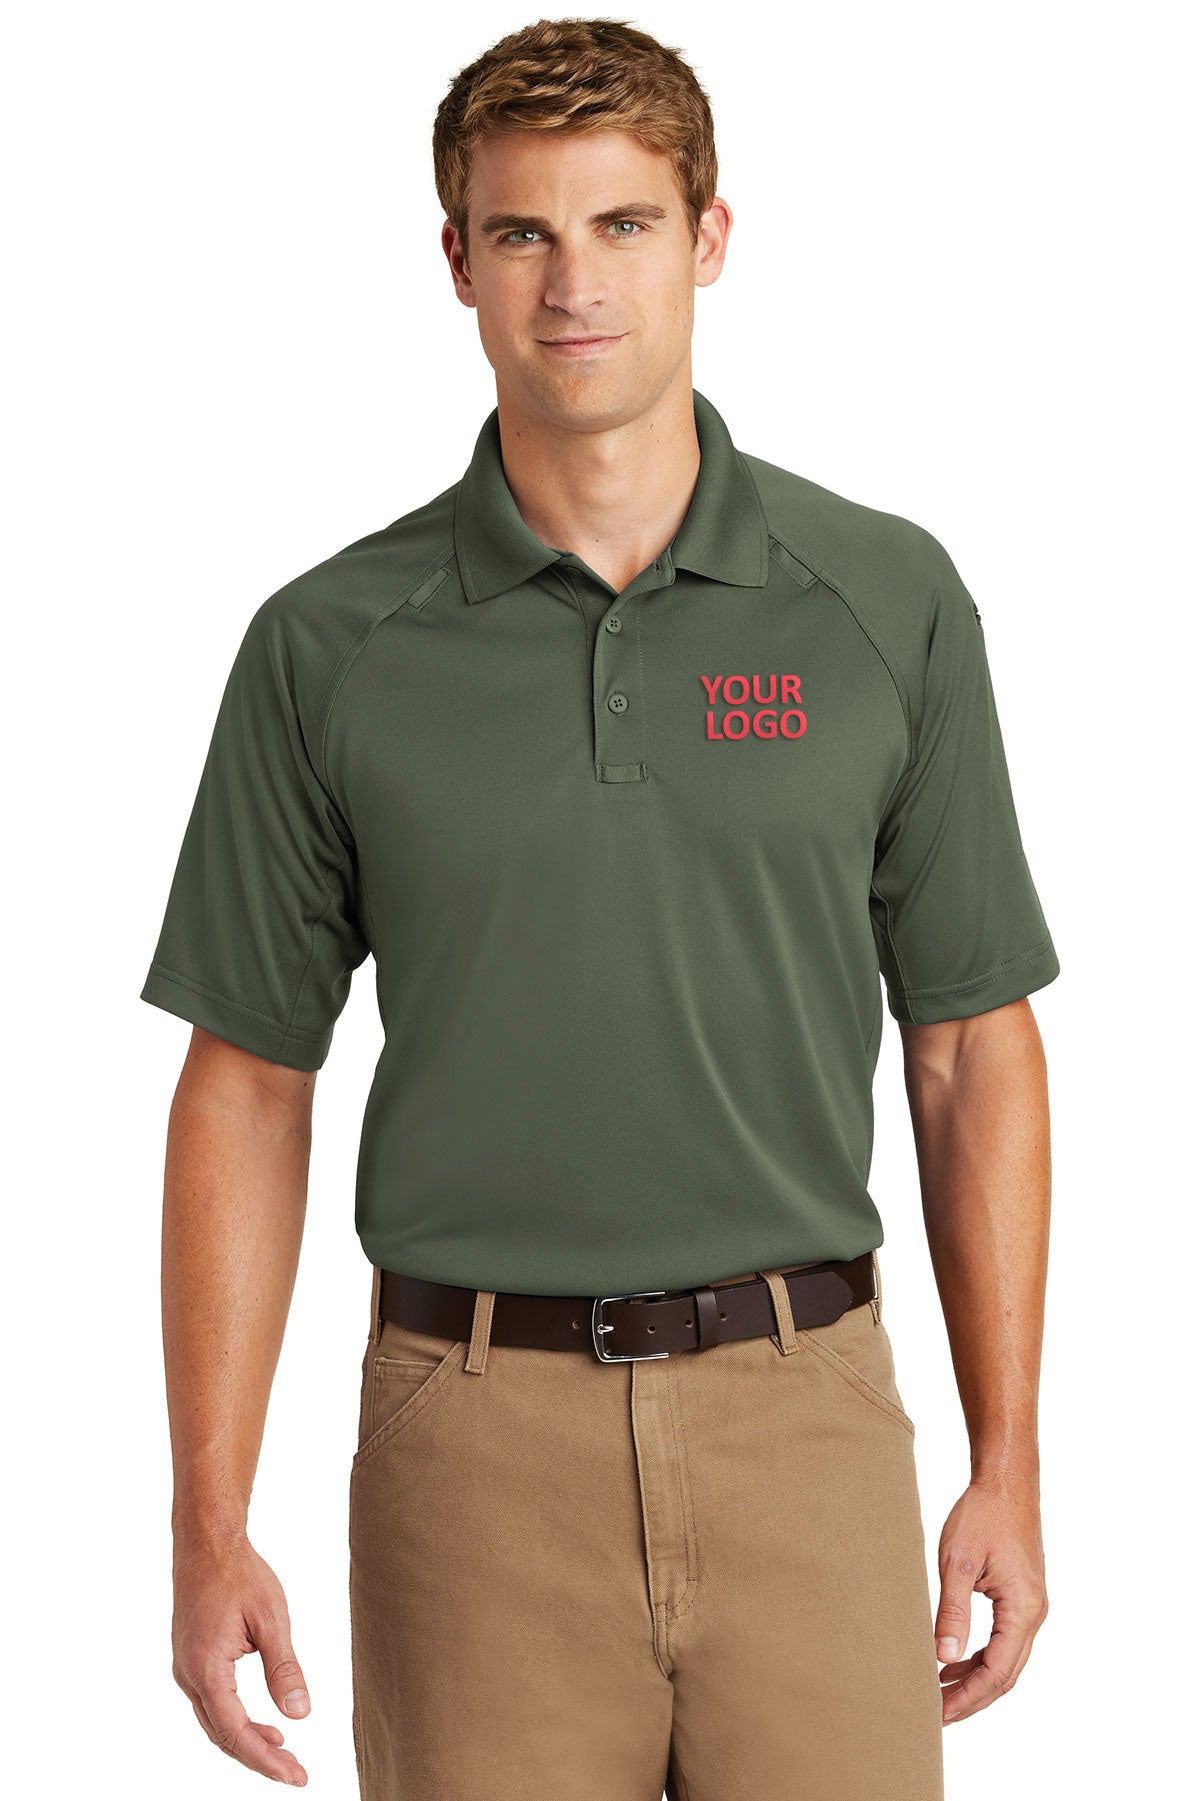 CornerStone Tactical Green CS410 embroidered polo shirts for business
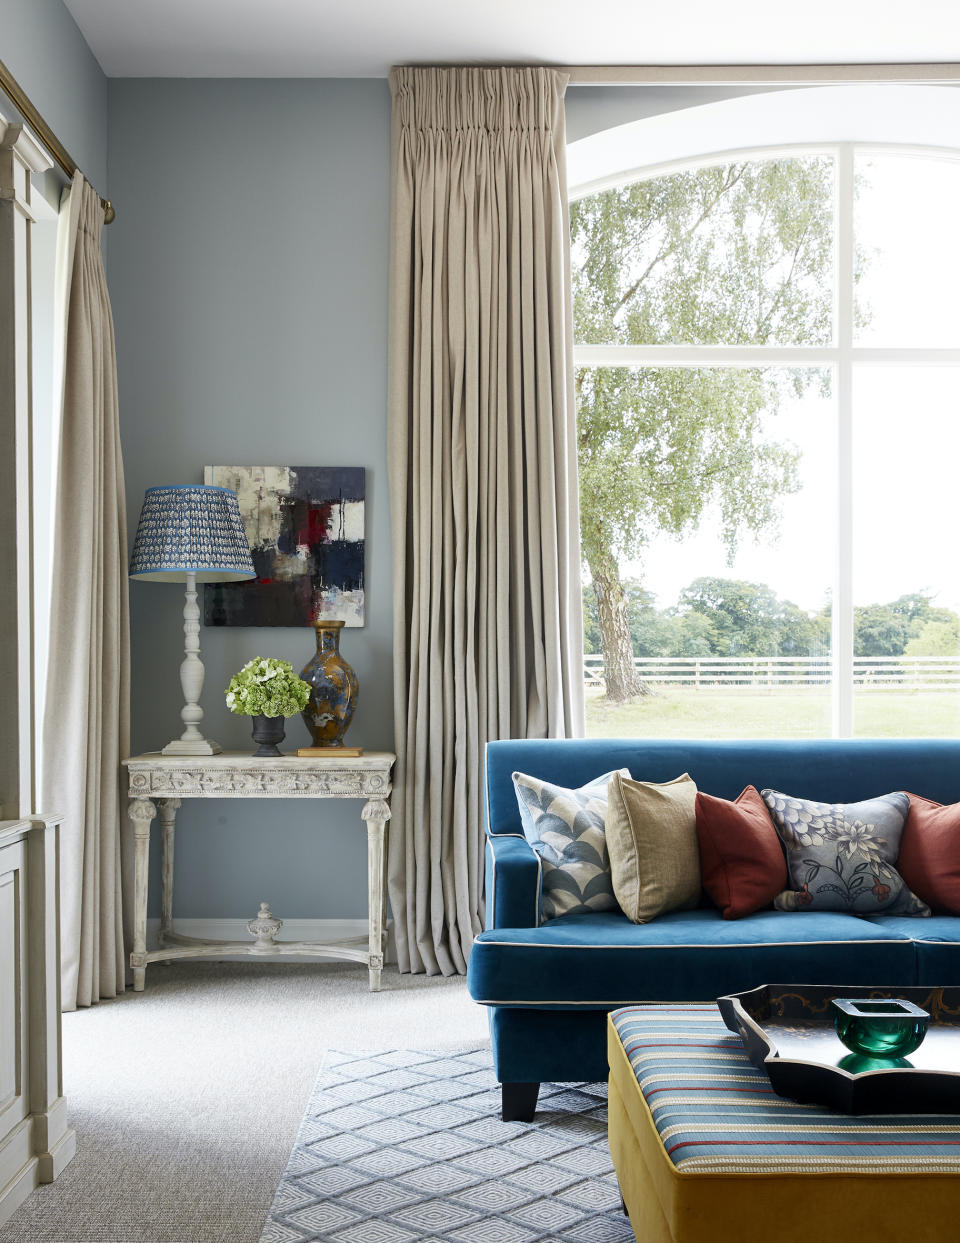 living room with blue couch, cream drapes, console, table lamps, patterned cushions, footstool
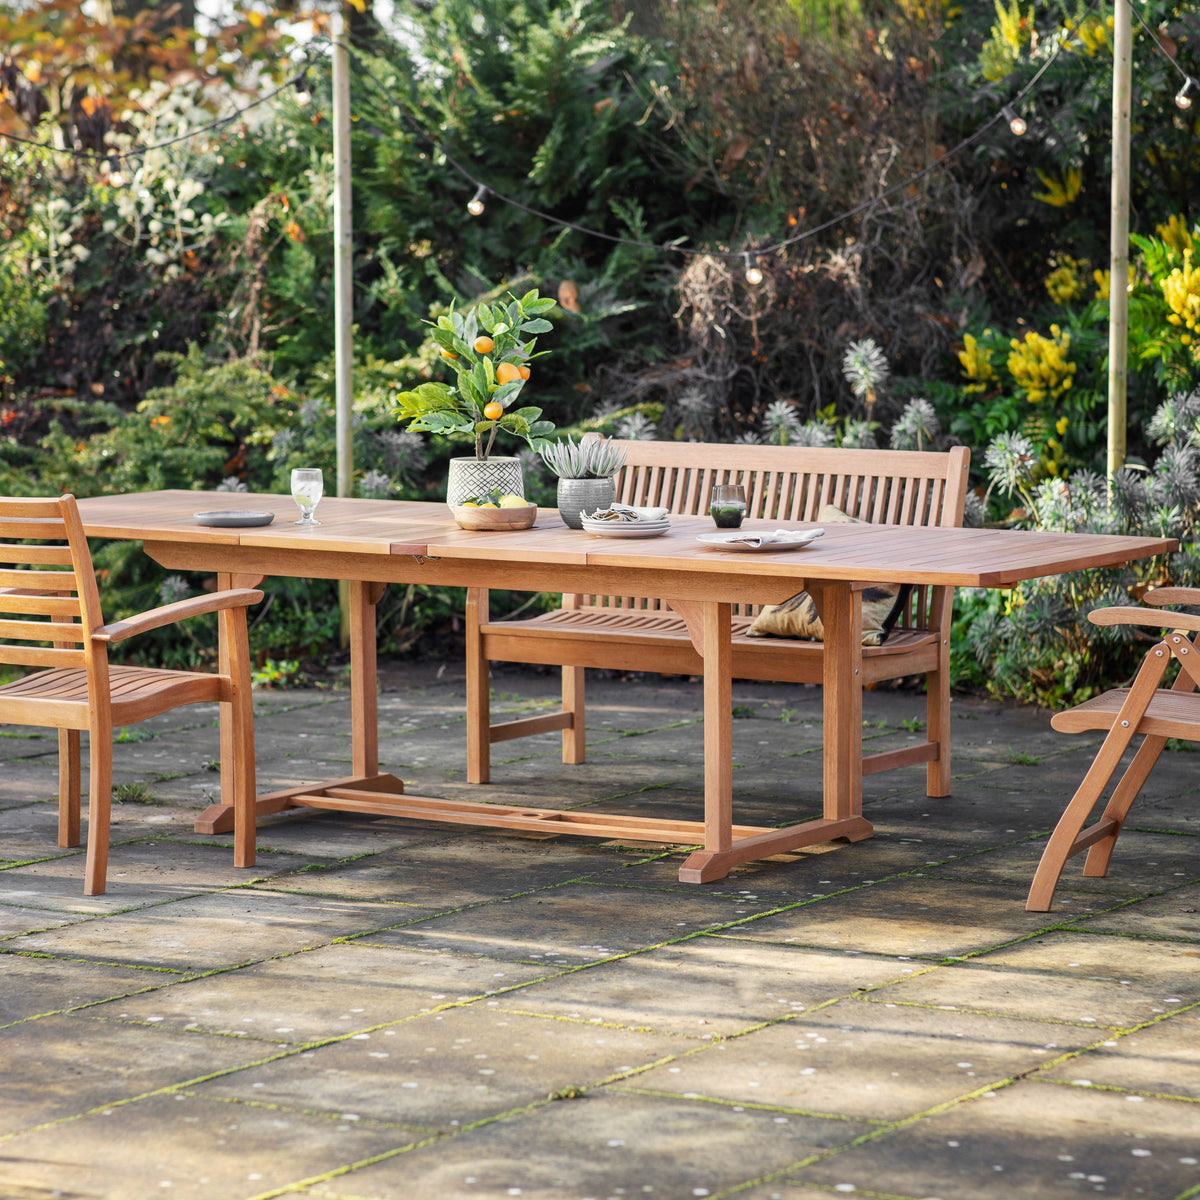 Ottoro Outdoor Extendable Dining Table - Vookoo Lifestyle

▸ **WHAT TO WORK ON**
Write out the data exactly, and exclude every picture it holds.

▸ **RESULT OF THIS TASK**
 CornerStone Tactical Green CS410 embroidered polo shirts for business
 living room with blue couch, cream drapes, console, table lamps, patterned cushions, footstool
 Ottoro Outdoor Extendable Dining Table - Vookoo Lifestyle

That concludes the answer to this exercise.